Um caso relativamente prosaico no machismo estrutural – mas não deveria sê-lo, o assunto é sério – é o dos banheiros de casas de espetáculo de Porto Alegre. Quem costuma ir a concertos, shows e eventos de todas as espécies já deve ter reparado que nos intervalos formam-se filas nos banheiros das mulheres. A injustiça com elas é flagrante, mas ninguém, além das próprias, naquele momento, parece se incomodar. Alguns tecem razões biológicas, fisiológicas, de costumes, vestuário e tantas outras fantasias. E nada muda, há anos. E falo com conhecimento de causa. Comecei a prestar atenção nisso quando comecei a dar aulas de projeto em 1993. Inúmeras vezes, provoquei os estudantes, principalmente alunas, a protestarem, organizarem manifestos para que a situação fosse mudada. Os estudantes riam. Depois cansei, desisti. Deviam me achar meio maluco, preocupado com as filas dos banheiros.

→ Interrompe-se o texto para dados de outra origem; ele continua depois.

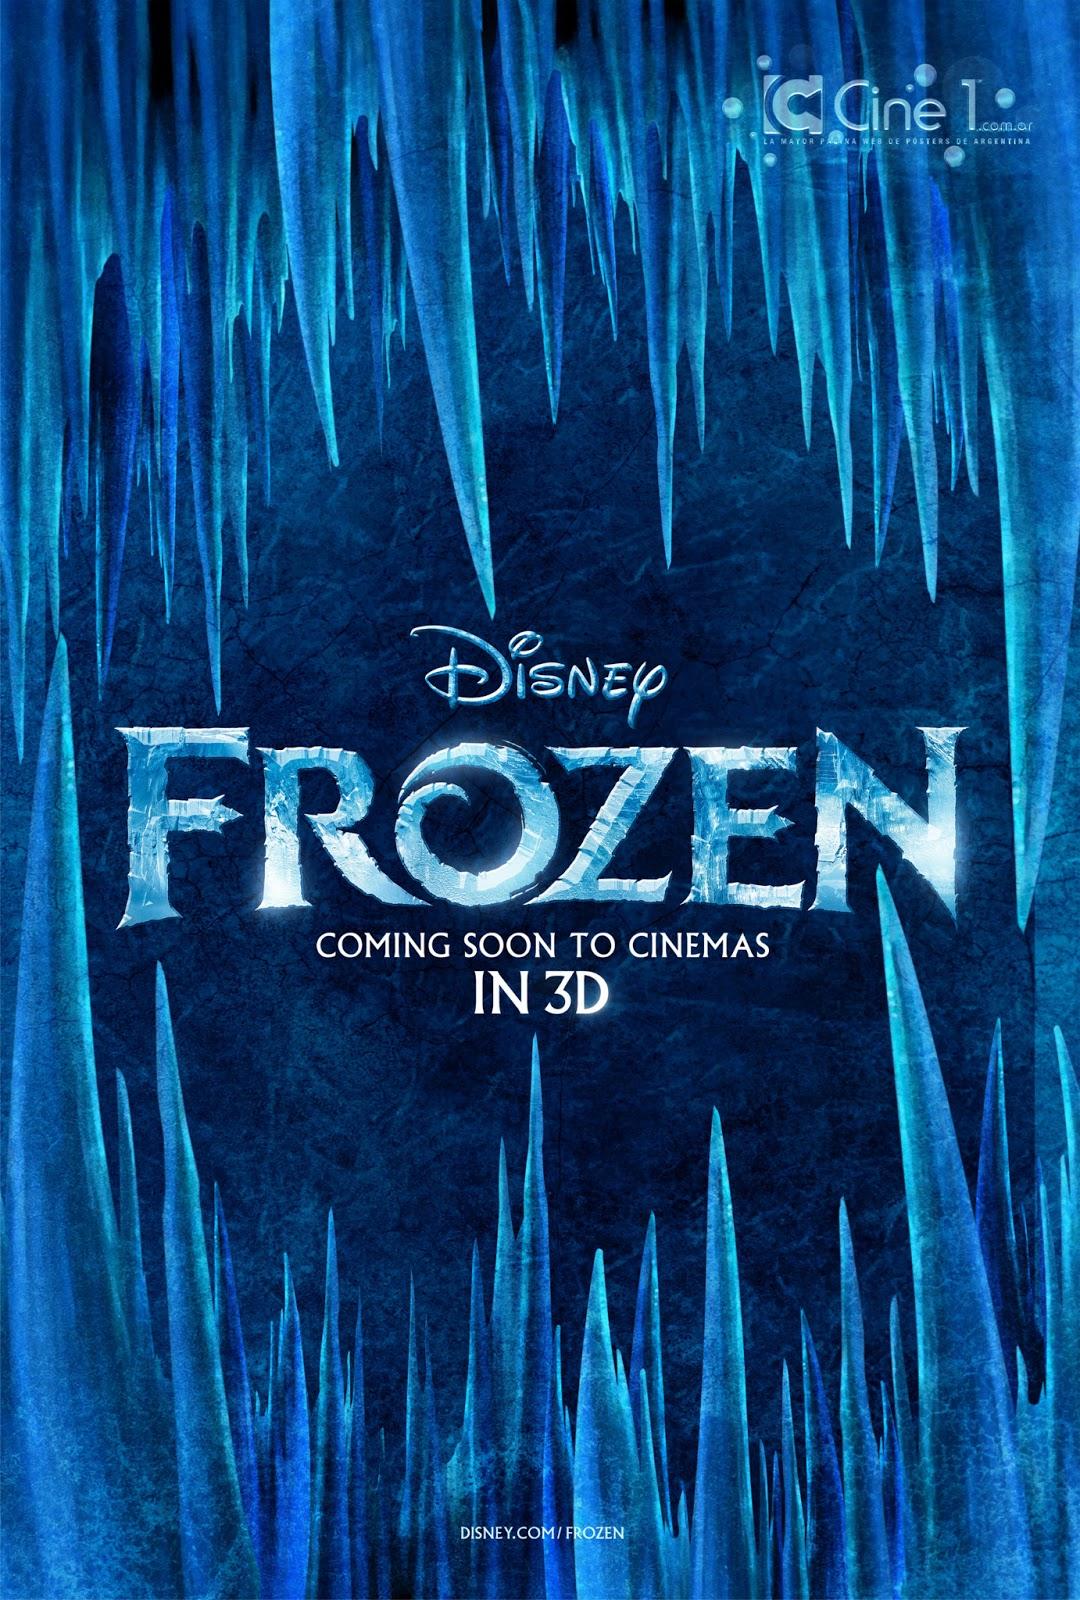 Disney Frozen Frozen Poster Wallpaper Image for iPhone 6

Cheguei a pensar que o assunto poderia ser superado brevemente pela extinção da diferenciação entre banheiros masculino/feminino, quando todos passariam a ser unissex. Mas que nada, o livro Mulheres Invisíveis de Caroline Criado Perez conta que quando foi feita a integração dos sanitários no Centro de Artes Barbican, em Londres, a situação só se agravou. É que simplesmente os dois banheiros passaram a ser unissex com desvantagem para as mulheres que não podem, evidentemente, usar os mictórios masculinos enquanto os homens passaram a usar também as cabines antes exclusivas para as mulheres. Este livro, aliás, considero leitura obrigatória para todos que se inquietam com estruturas discriminatórias e especialmente necessário para arquitetos, planejadores e administradores públicos. É assustadora a discriminação que as mulheres sofrem, na cidade, de forma invisível.

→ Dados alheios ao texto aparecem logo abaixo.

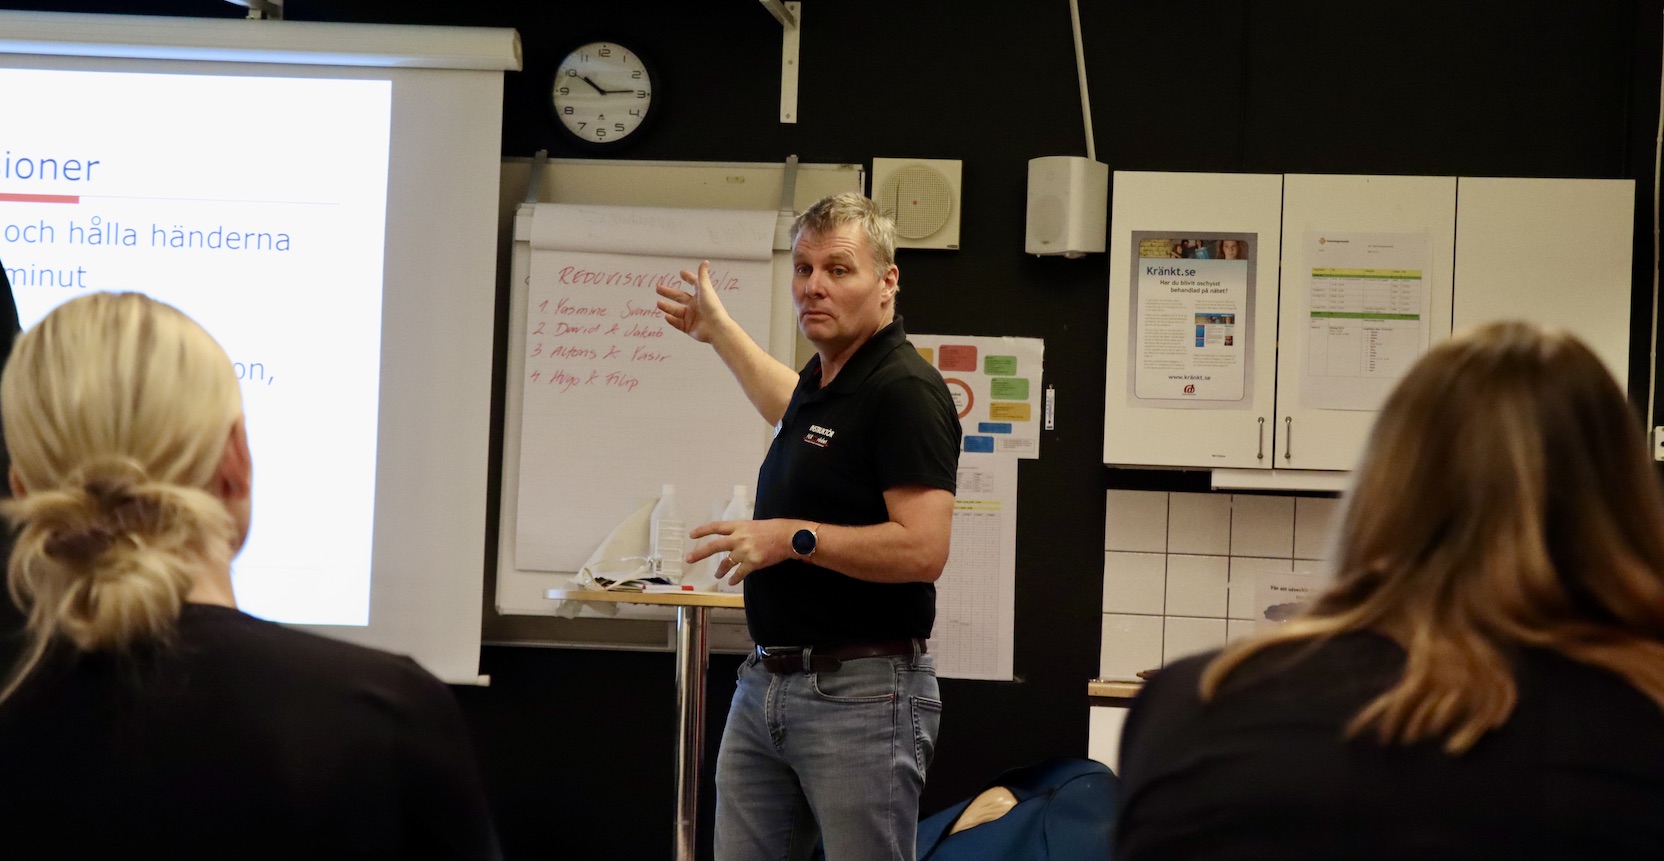 En man i 50-årsåldern står framför en whiteboard-tavla och instruerar elever i en lektionssal.

O fato é que o Código de Obras do Município, que regula as condições mínimas de higiene e conforto das edificações, foi elaborado por cabeças masculinas. É nele que está a injustiça. Ali é exigido, em função da lotação de uma determinada casa de espetáculos, por exemplo, 6 vasos sanitários para as mulheres e 5 vasos sanitários mais 5 mictórios para os homens. Sim, está assim na lei há décadas. Ora, a diferença de critérios é flagrante. E se lembrarmos que, convenhamos, a vestimenta masculina é muito mais prática para a atividade mictória do que a feminina, temos um quadro bem definido do machismo estrutural nos sanitários dos nossos teatros.
Mas alguns poderiam dizer que o código de obras é apenas um referencial para os mínimos legais. De acordo. E isso é mais revelador ainda. Os profissionais arquitetos, homens e mulheres (o machismo não tem sexo) que poderiam reequilibrar o jogo, seguem projetando com as mesmas proporções do código de obras. Não sei se é sem pensar ou se são pressionados pelos contratantes. Não sei dizer. É uma questão que me intriga há muito tempo e me espanto de como ninguém muda isso.

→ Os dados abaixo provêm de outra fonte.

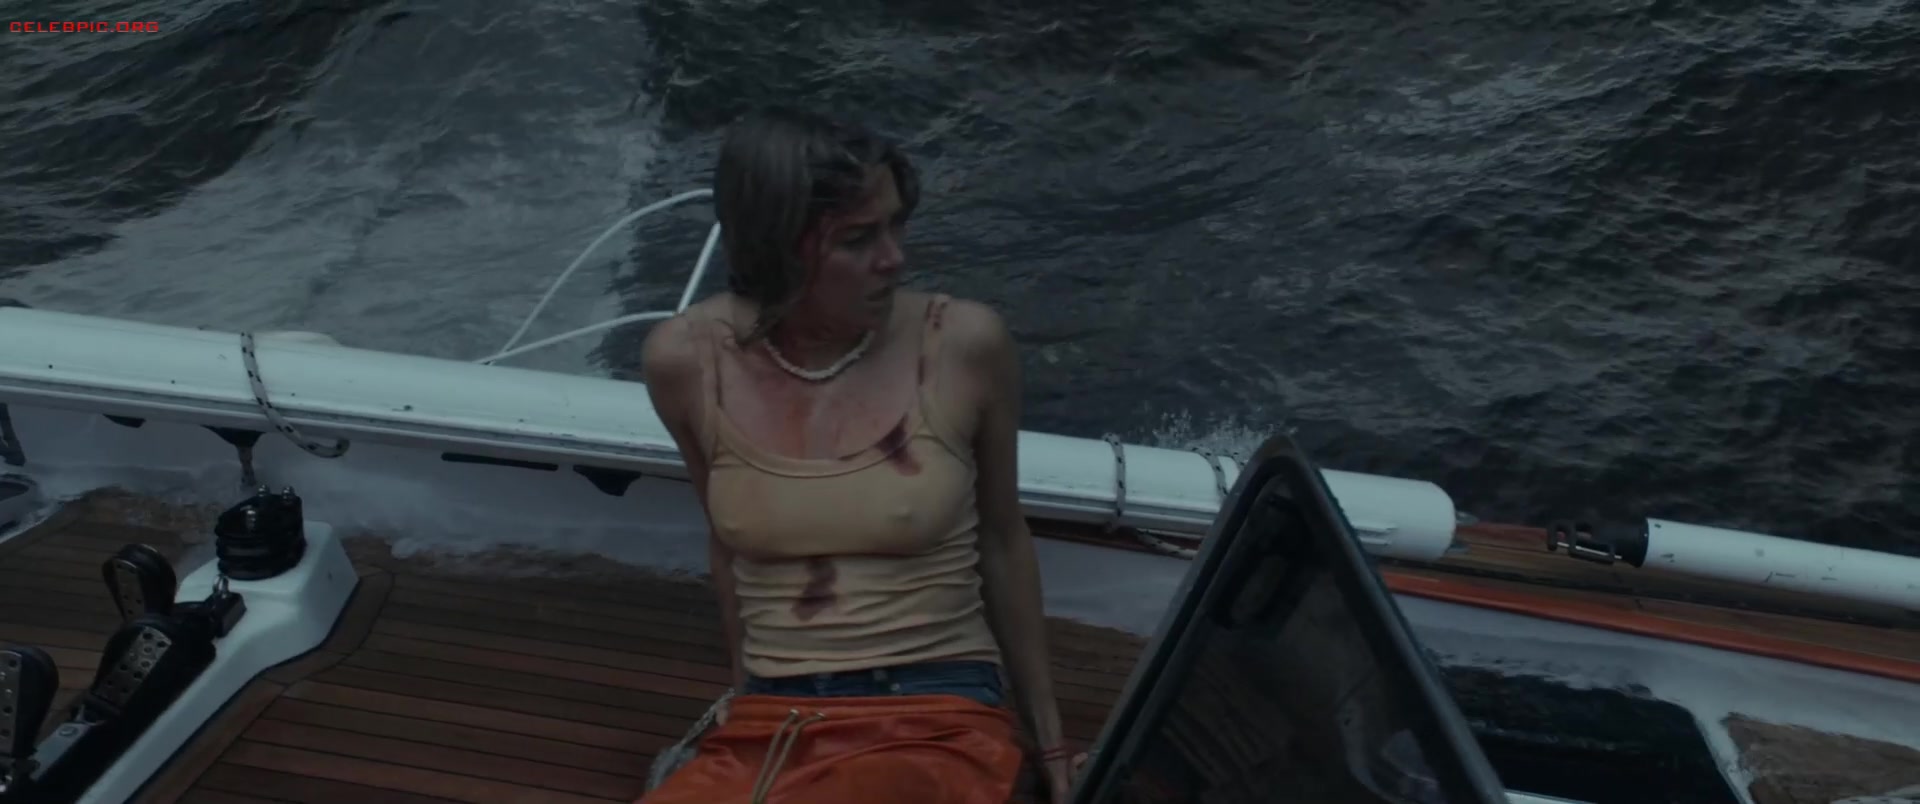 Shailene Woodley - Adrift 1080p (1) 0038.jpg

Para mim esse é apenas um bom exemplo de como o machismo pode se entranhar na legislação sem que ninguém perceba, ninguém reclame e tenha sua normalidade assegurada. Tipo: a vida é assim, minhas senhoras, a fila dos banheiros lhes pertence, não há nada a fazer.
Se o problema do machismo na arquitetura estivesse só na questão dos banheiros femininos, seria muito fácil chegarmos a uma cidade igualitária. A sua invisibilidade até que é muito visível, convenhamos. Mas, não, esse é só um exemplo de como as mulheres não são consideradas nas suas necessidades particulares. Igualdade não é aplainar diferenças. Justo o contrário, é percebê-las e acomodá-las. E já que puxei o assunto, não posso deixar de incluir as pessoas com deficiência. Ignorados por muito tempo, só recentemente a sua visibilidade gritante passou a ser percebida e incluída na legislação.
Já passou da hora de prestar atenção na relação das mulheres com a arquitetura e a cidade. Elas precisam de soluções específicas para problemas que vão muito além das filas nos banheiros. Basta ouvi-las para saber quais são.